Повторю свою мысль еще раз на тот случай, если выразила ее недостаточно четко: если вы не позаботитесь о самом себе, то не сможете позаботиться и о своем близком или клиенте!

На занятиях, которые я провожу для ухаживающих, я часто задаю простой вопрос: «Кто важнее, вы или больной?» И часто меня поражает, что в комнате повисает тишина: ухаживающие не находят, что сказать, – ведь на первое место они всегда ставят больного. В конце концов, это же их долг – заботиться о родственнике или о клиенте, а не о самом себе, не так ли?

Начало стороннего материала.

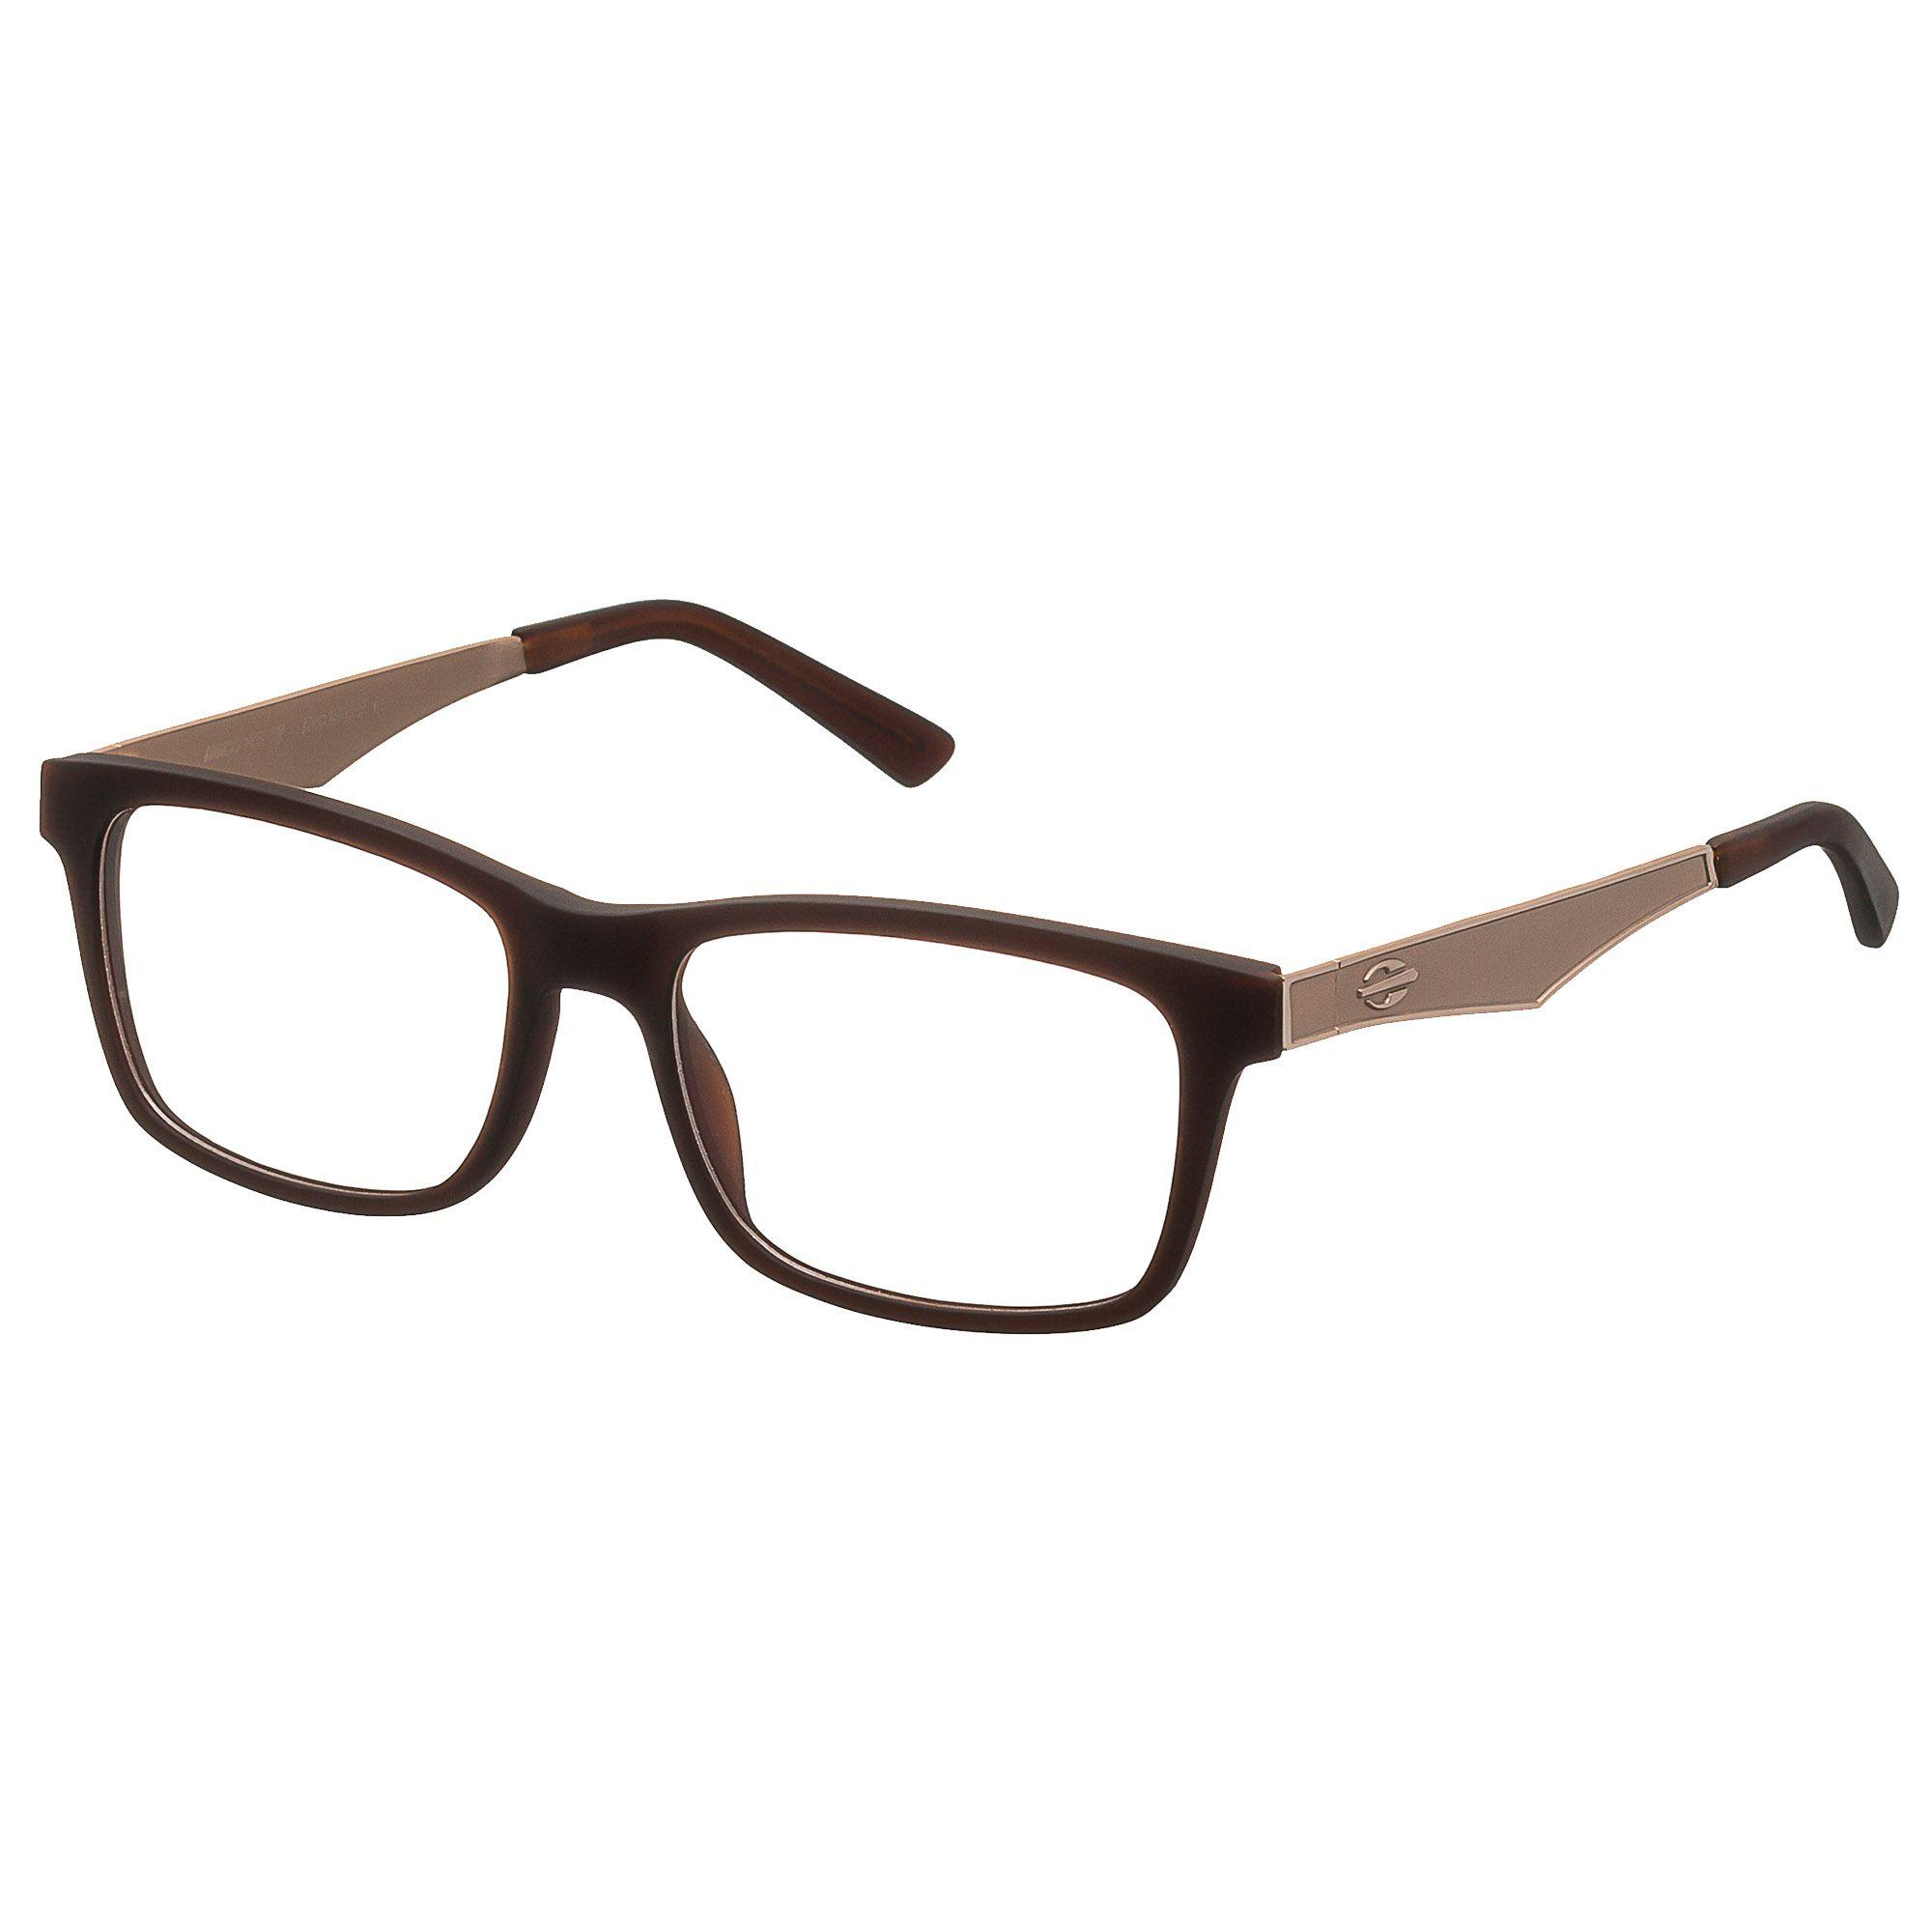 Óculos de Grau Unissex Mormaii M6100F0352

Нет, не так. Ухаживающему зачастую бывает неприятно это осознавать, однако именно он сам является ключевым элементом в процессе ухода. Однажды на мое занятие, посвященное коммуникации и профилактике стресса, один из участников привел свою жену. Я заметила у нее первые симптомы деменции. Во время занятия я задала свой любимый вопрос: «Кто важнее?» Та женщина ответила первой: «Он!» – и с нежной улыбкой показала на своего мужа. Даже страдая деменцией, она понимала, насколько в их отношениях важна роль ухаживающего. Научитесь заботиться не только о своем близком, но и о самом себе. Научитесь справляться со стрессом и преодолевать его на этом совместном пути.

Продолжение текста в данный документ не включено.